Possibly your student/resident visa does, though.


I don't know about travelling to Cyprus - if you need a via you'd get it via the Cypriot consulate/Embassy, so I'd contact them if I were you


----------



## Madliz (Feb 4, 2011)

I would have thought that since your visa has expired, you shouldn't be here or anywhere else in the Schengen area, but who am I to know.


----------



## mrypg9 (Apr 26, 2008)

Madliz said:


> I would have thought that since your visa has expired, you shouldn't be here or anywhere else in the Schengen area, but who am I to know.


If the Visa is for ninety days, then s/he shouldn't be here and may face a fine or ban on re-entry for a period on exit.
An American friend arrived on November 4th on a ninety day visa and deliberately overstayed by sixty days - he leaves for home next Thursday.
He hopes to come back on November 1st but may well be refused in view of his overstay.
We shall see.


----------



## xabiaxica (Jun 23, 2009)

Madliz said:


> I would have thought that since your visa has expired, you shouldn't be here or anywhere else in the Schengen area, but who am I to know.





mrypg9 said:


> If the Visa is for ninety days, then s/he shouldn't be here and may face a fine or ban on re-entry for a period on exit.
> An American friend arrived on November 4th on a ninety day visa and deliberately overstayed by sixty days - he leaves for home next Thursday.
> He hopes to come back on November 1st but may well be refused in view of his overstay.
> We shall see.


The OP says he has a valid student visa. At least I think that's what he means. 

Student visas are usually issued in the home country & the holder wouldn't need a Schengen visa to enter Spain....... so you might be right & he doesn't actually have a valid visa....................

IF he does have a valid student visa, that gives him the right to stay until it expires. They are usually valid for the duration of whatever course the holder is studying.

I'm not entirely convinced that they give the right to travel within Schengen though.........


----------



## thewaterbearer (Jun 15, 2011)

hey guys, let me clarify. 
All non-european passport holders only get a spanish visa for a maximum period of 3 months at a time, no matter the duration of your stay in Spain.
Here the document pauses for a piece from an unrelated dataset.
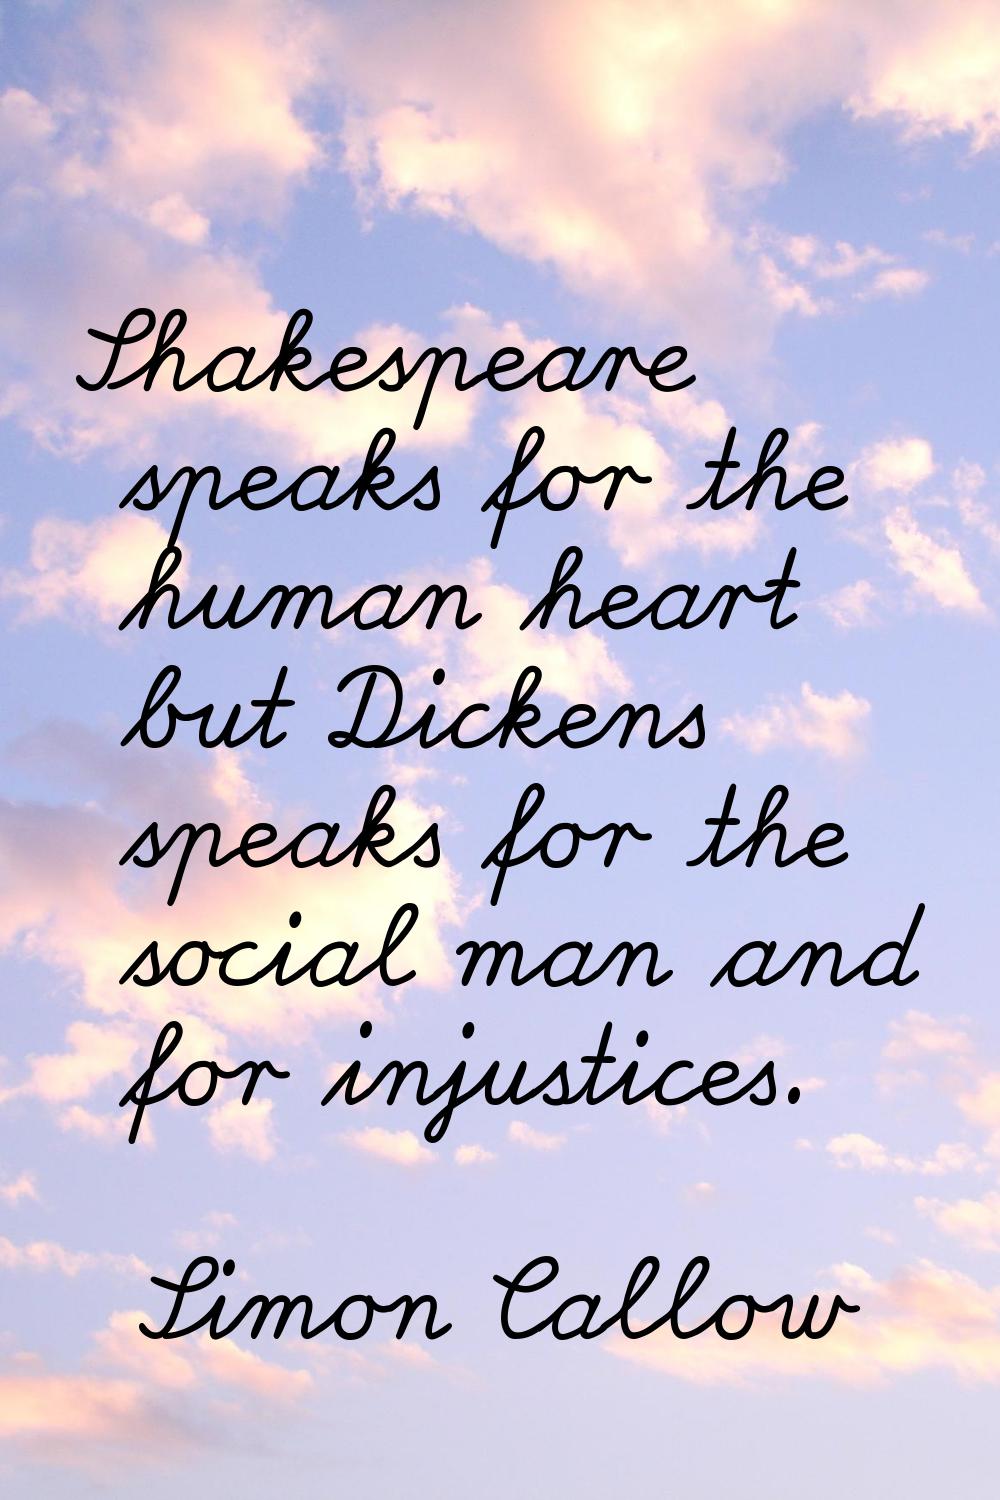 Shakespeare speaks for the human heart but Dickens speaks for the social man and for injustices.

However, if your purpose is to study, you use that visa as a gateway to obtain a NIE which then counts as your valid residency document. The NIE is given to you for a period of one year at a time and is extendable. 
Therefore any non european foreigner who has been in Spain for more than 3 months will have an expired visa and a valid NIE. 
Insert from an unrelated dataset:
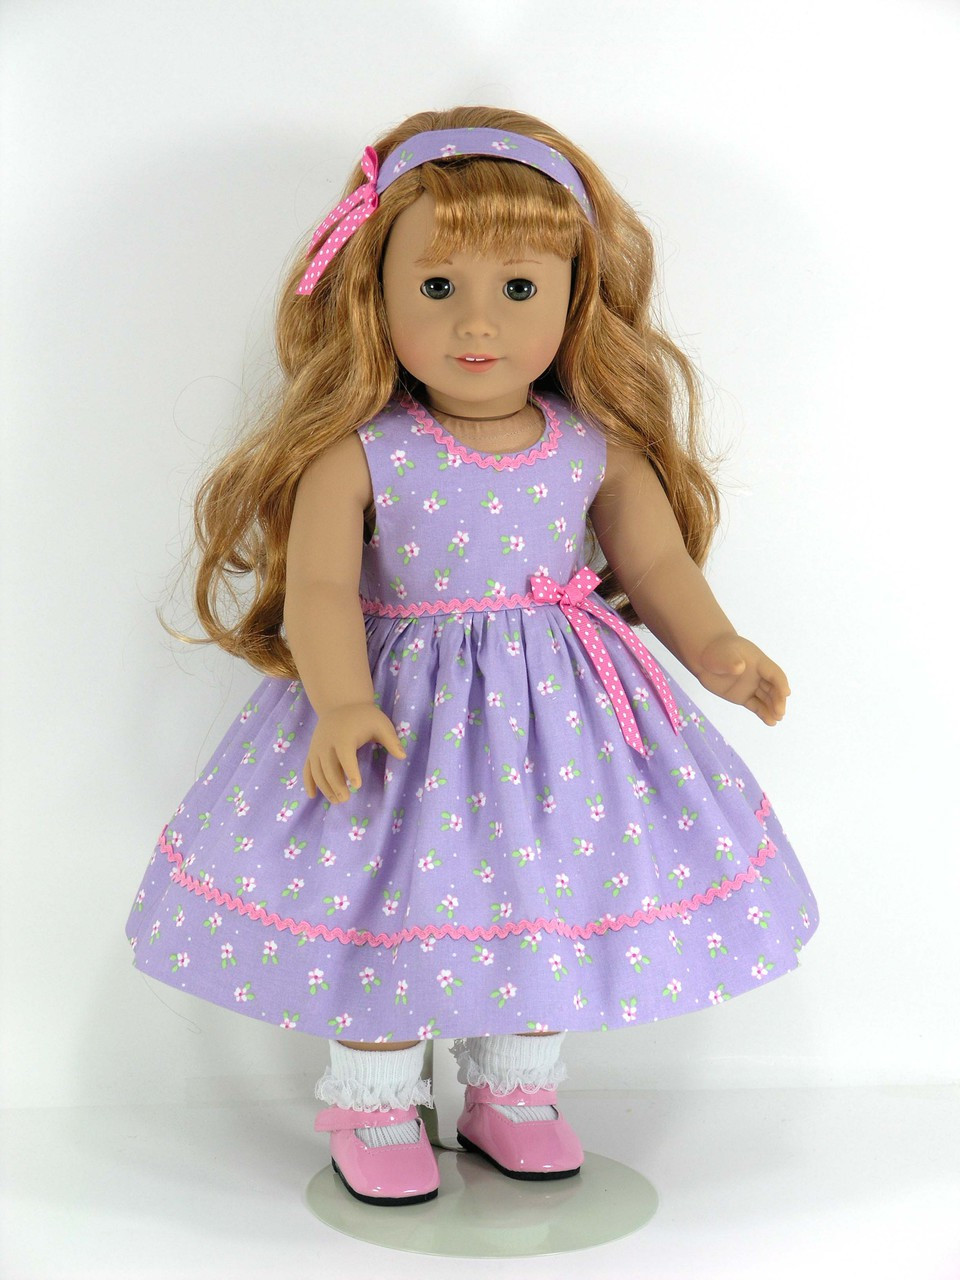 Handmade 18 inch Doll Clothes fit American Girl - Dress, Jacket ...

This NIE, seeing as it stems from a schengen visa, counts as a valid travel document to other schengen countries like france, germany or italy, and i´ve faced no problem travelling there, even with an ¨expired¨ visa, as long as my NIE is valid. However, i simply wasnt too sure on whether it would be as simple in Cyprus as it technically does not belong to the list of Schengen countries, and i wondered if any other non european would be able to shed light on it


----------



## xabiaxica (Jun 23, 2009)

thewaterbearer said:


> hey guys, let me clarify.
> All non-european passport holders only get a spanish visa for a maximum period of 3 months at a time, no matter the duration of your stay in Spain. However, if your purpose is to study, you use that visa as a gateway to obtain a NIE which then counts as your valid residency document. The NIE is given to you for a period of one year at a time and is extendable.
> Therefore any non european foreigner who has been in Spain for more than 3 months will have an expired visa and a valid NIE.
> 
> This NIE, seeing as it stems from a schengen visa, counts as a valid travel document to other schengen countries like france, germany or italy, and i´ve faced no problem travelling there, even with an ¨expired¨ visa, as long as my NIE is valid. However, i simply wasnt too sure on whether it would be as simple in Cyprus as it technically does not belong to the list of Schengen countries, and i wondered if any other non european would be able to shed light on it


Go to the Cypriot Embassy & ask.

One more time though - a NIE is a fiscal ID number. What you say you have is a student/resident visa valid for one year. The NIE (the number) appears on it. The number itself affords you no rights in any way.


----------



## thewaterbearer (Jun 15, 2011)

Right, that´s what I meant when I said NIE, the student card which has NIE number on it, and is called the NIE card. Although it´s technically not a visa as its an entity separate from passport and derived from the original visa itself, it of course acts as one in terms of allowing you to study and reside in Spain.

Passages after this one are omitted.